Zookeeper is used to store dynamic serversets and acts as the notification channel for config changes. S3 is used to store configuration data. On top of Zookeeper and Kazoo, we have Kazoo Utils which we have some improvements on Kazoo native APIs and does service discovery and registration. We use thrift as the RPC protocal, so we built thrift-utils on top of thrift and kazoo_utils which make people easier to write a python thrift client.

We also have our own application configuration management system built on top of Zookeeper and S3 which we call it Config Utils (we call it ConfigV2 internally). Basically people can make change to a configuration, the system will put the new content to a new versioned file in S3, and update the version number in Zookeeper. You can refer to this engineering blog which contains more information inside.

We also built some data structures like lists, hashmap and json for Pinterest Engineers to easily read/write to configurations. We also have a structure called Decider (ranging from 0 to 100) for engineers to dynamically change values in realtime, which is pretty useful for experiments control.

Both application configuration management and service discovery are watched and updated by a process running on each box called ZK Update Monitor. Our philosophy is to leverage the atomic broadcasting guarantee provided by Zookeeper to fanout the change to every box so each machine only needs to talk to local file, instead of establishing a session to Zookeeper. ZK Update Monitor is the only proxy talking to Zookeeper on each box for getting the newest serverset of configuration content. We have an engineering blog which contains the more details about it.

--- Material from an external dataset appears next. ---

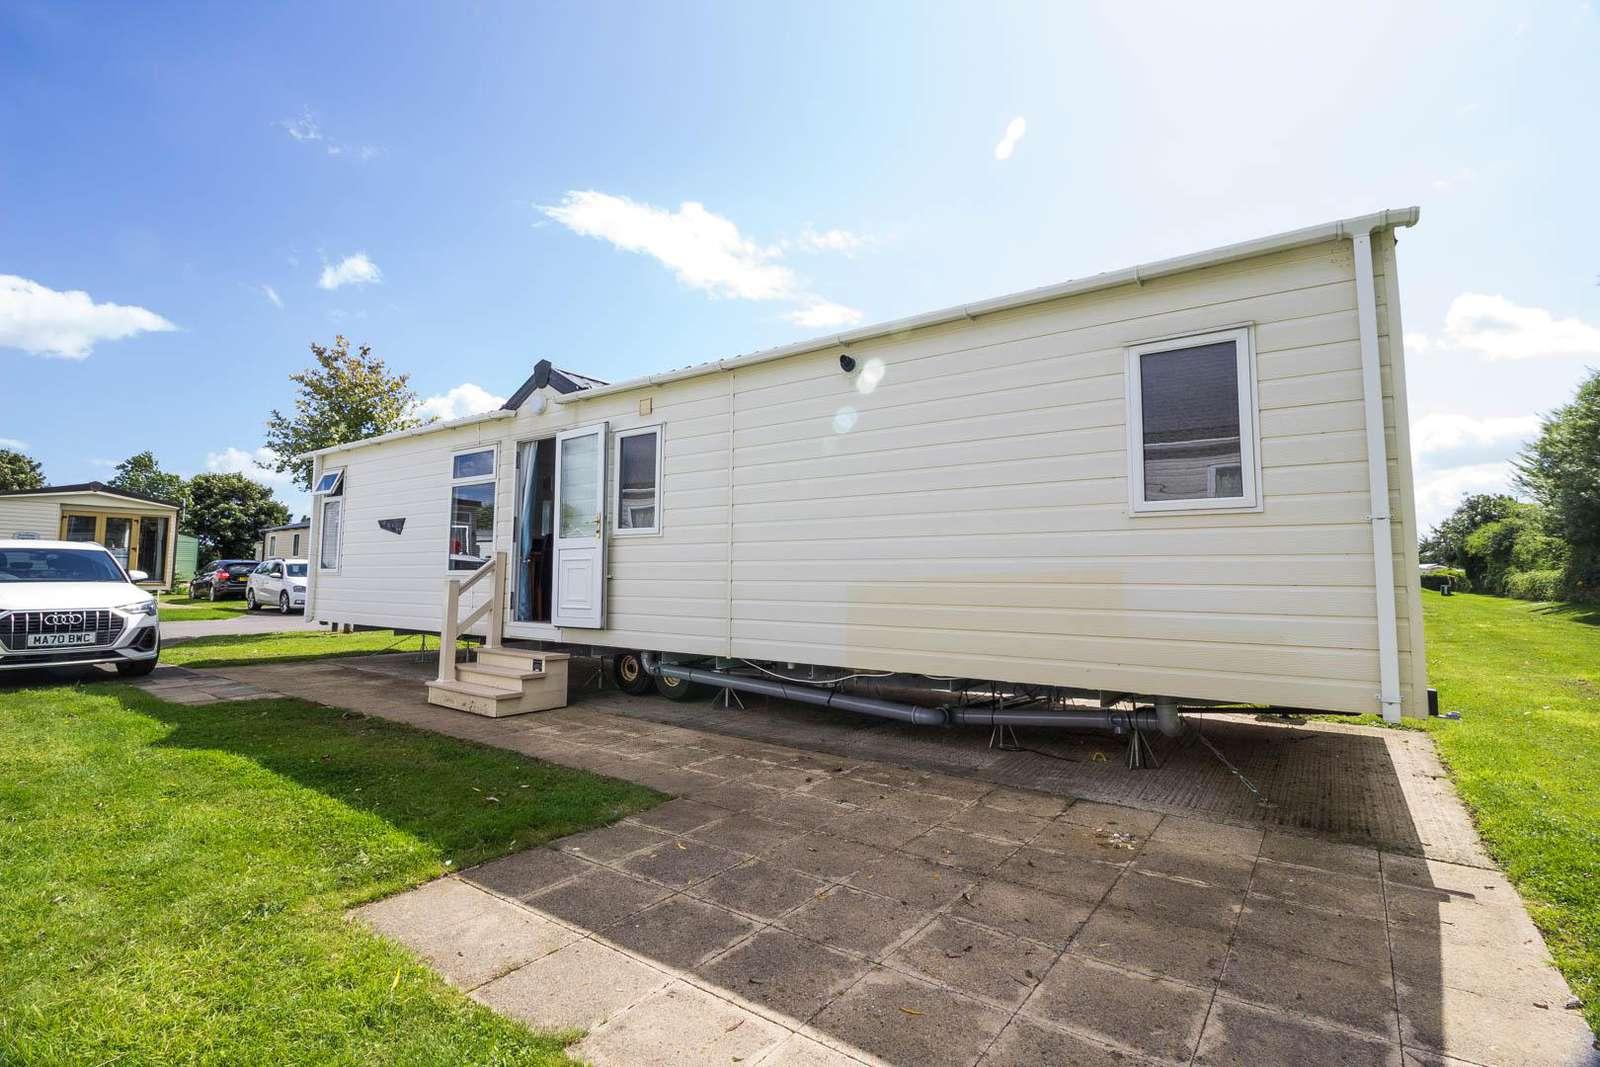 41009B – Bempton Meadow area, 2 bed, 6 berth caravan with D/G & C/H. Diamond rated. - property

Another framework we provide in KingPin is called MetaConfig Manager. We found that sometimes we need to manage the dependency like what cluster needs what configuration or serverset. MetaConfig is basically a configuraiton which tells ZK Update Monitor how to download a particular configuration or serverset. The MetaConfig Manager stores the dependency graph in Zookeeper and metaconfigs in S3. If a box want to add a serverset or configuration dependency, simply call MetaConfig API and the new config will be added to all subscribers immediately.

Configuration and Installation

Here the steps how to make KingPin running.

Python 2.7.3

KingPin is tested under Python 2.7.3 at Pinterest scale. We highly recommend you run KingPin using Python 2.7.3.

Install Pip

Please follow this website to make sure pip is installed on your box:

wget https://bootstrap.pypa.io/get-pip.py
python get-pip.py

Setting Up AWS and S3 credentials file

In order to talk to S3, you need to prepare a boto (yaml) config file with aws keys in place. We provide an template for boto S3 config file in kingpin/examples/example_aws_keyfile.conf. Replacing the aws_access_key_id and aws_secret_access_key with your AWS keypairs under Credentials section to configure your aws/s3 acecss. Prepare the file in some place ready for future use.

Install Zookeeper

If you don't have a Zookeeper cluster and want to try KingPin out on local machine, you can download it.

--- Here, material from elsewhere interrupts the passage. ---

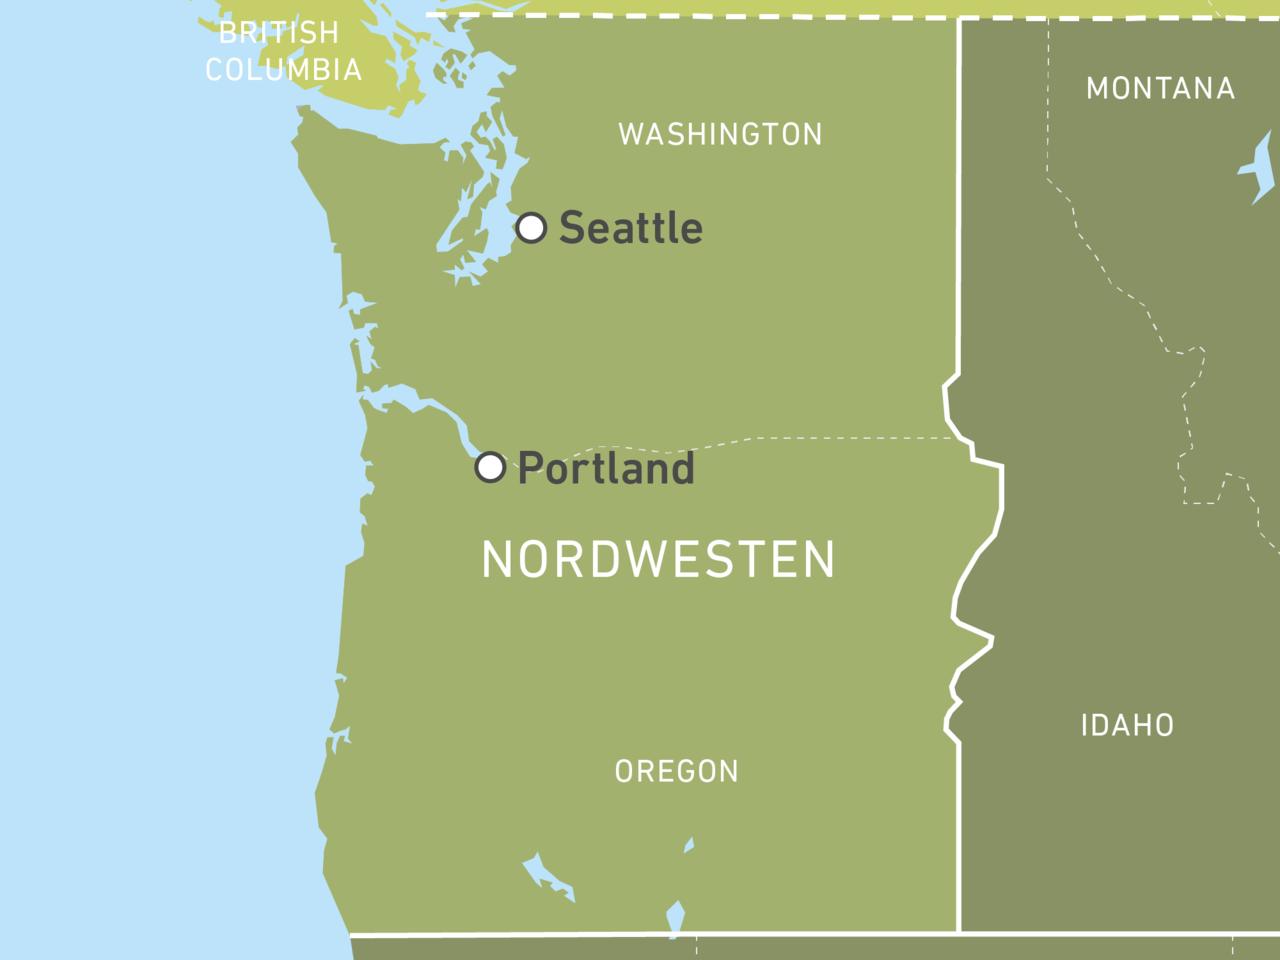 Individuelle Oregon & Washington Reisen buchen! | CANUSA

After downloaded, untar it and run:

cd zookeeper-3.4.6
cp conf/zoo_sample.cfg conf/zoo.cfg
sudo bin/zkServer.sh start

Test whether it works by trying to connect:

bin/zkCli.sh -server 127.0.0.1:2181

In case you want to stop fo Zookeeper instance:

sudo bin/zkServer.sh stop

We use a file to list a set of Zookeeper endpoints. For the local Zookeeper single node case, we provided a file examples/local_zk_hosts. There should only be one liner there which points to the localhost zookeeper node. You need to refer to that file for future use.

Install Thrift

Follow the instructions in this page for installing thrift library.

Install KingPin

KingPin is a python package, we suppose you already have Python and Pip installed.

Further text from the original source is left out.